Friday, January 17, 2014
CH and I went to Ubin on two weekends (14 Dec and 28 Dec) last year. We found that Pulau Ubin is still one of the best places for butterfly watching and photography.
A rather unusual lycaenid which could not fold its wings together so they remained open all the time - this male Cycad Blue (Chilades pandava pandava) was found along the fence overlooking the Pekan Quarry.
It appears to me that the number of visitors coming to Ubin on weekends has been increasing over the years. Despite the heavy traffic of cyclists along the gravel road outside the Nparks nursery, this worn Silver-forget-me-not (Catochrysops panormus exiguus) remained quite still on its perch.
At a shady and mosquitoes-infested grass patch, a rather uncommon Common Redeye (Matapa aria) skipper appeared briefly. Highly sensitive to the camera flash light, it was shot in natural light.
This Lesser Darkie (Allotinus unicolor unicolor) was rather alert too - it was found at the same place as the Common Redeye.

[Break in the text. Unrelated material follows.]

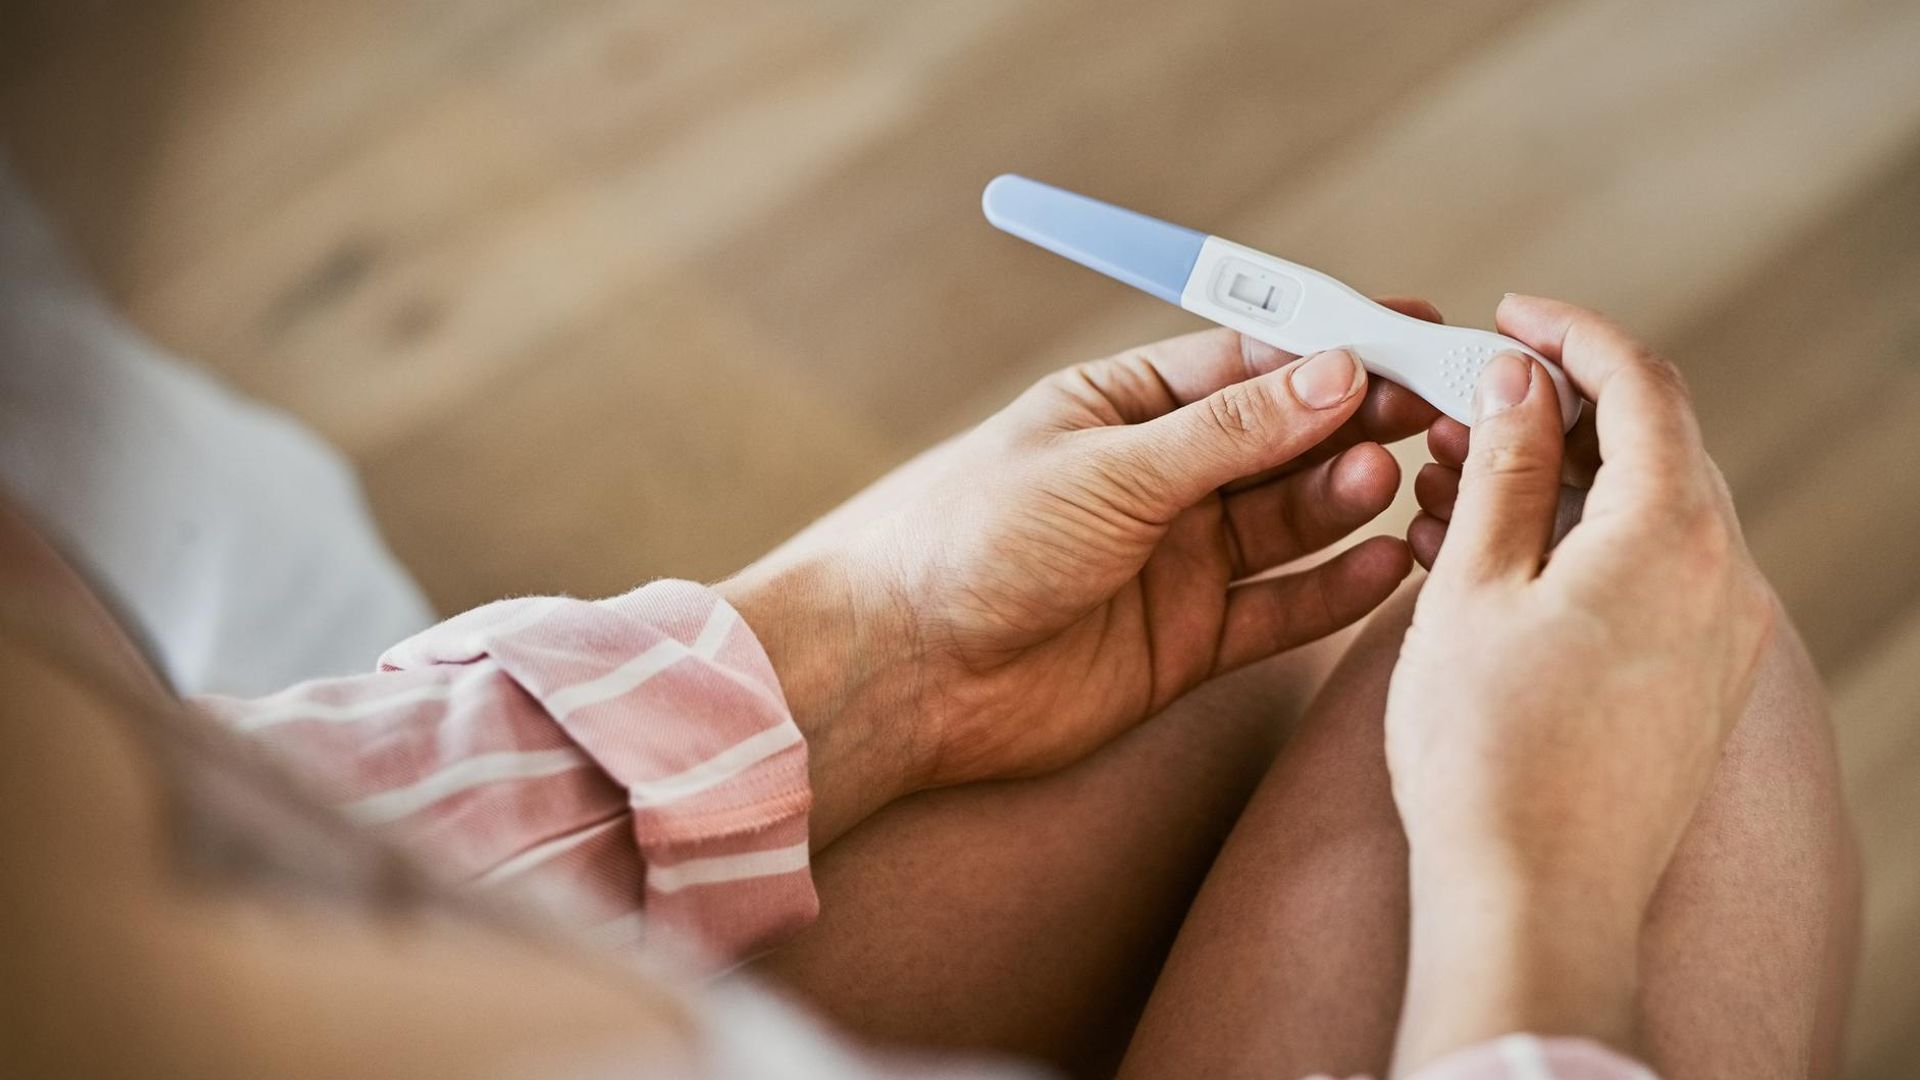 fertilidad o proceso de reproducci n genera ansiedad mujer mirando un test de embarazo

At the mangrove area along the Sensory Trail, I waited very patiently for this fluttering lycaenid to perch. At last it did and I had to react quickly before it took off again. I think this is the Singapore Fourline Blue (Nacaduba pavana singapura) - my last sighting of this species was at Sungei Buloh Wetland Reserve some years ago.
Saturday, January 11, 2014
I decided to drop by Mandai Track 15 on a nice and cool Saturday morning (21 Dec 2013). Quite often, I didn't see many hikers, bikers or photographers here - I was rather lonely in this "one-man's land" most of the time. As usual, my first "check-point' was the training shed near the gate. I wandered around the area for awhile but found nothing to shoot.
A lonely female Striped Blue Crow (Euploea mulciber mulciber) finally showed up and started to feed on the Bidens flowers.
Strolling leisurely on the biking trail, I had to give way to groups of bikers occasionally. Butterflies and other critters were either sleeping or not there at all, the trail was devoid of insect life. When I spotted this tiny ladybird - a small beetle in fact, I took a quick shot before it flew off unexpectedly in a breeze.I made a correct decision of switching to walking on Track 15. A Plain Nawab (Polyura hebe plautus) was zooming around rapidly and "testing" the dry ground a few times. Pouring some water to wet the ground, I waited patiently for it to puddle. I was lucky that it did come back and found the damp spot. What a good opportunity for me to snap some shots of a Plain Nawab, a species that I have not had a proper shot for a long time.
I went further in and spotted a Short-banded Sailor (Phaedyma columella singa) flitting at the ground level and looking for puddling spots amongst some dry leaves. It had the habit of flapping its wings slowly while feeding on the ground.
A pair of mating shield bug caught my attention when I was about to leave the place. I like this shot as I didn't get to see mating shield bugs often.
Sunday, January 5, 2014
Continue from the previous post.
Apart from the many butterflies that I have featured in my last few posts, I was also attracted to some other critters especially when they presented good shooting opportunities for me. This white moth (I have no idea of what the species is) was abundant at Lubuk Semilang.
The way it perched on a twig allowed me to photograph its undersides as well.
I guessed this was its pupa
I can't remember if I have seen this beautiful red bug - its prominent perch on a leaf attracted by attention.
There were many Flashwing dragonflies (Vestalis sp) found along the forest trail at Lubuh Semilang.
I saw a critter flying past me and landing on a stem.
I went closer and took some shots - I guess this is a kind of planthopper.
A spider stayed very still on a leaf - waiting for its prey to come close to its striking distance.
This moth larva was wriggling on the leaf aimlessly - it might be looking for the correct plant.
This long-legged, small but brilliantly coloured insect was new to me - this is a kind of fly I guess.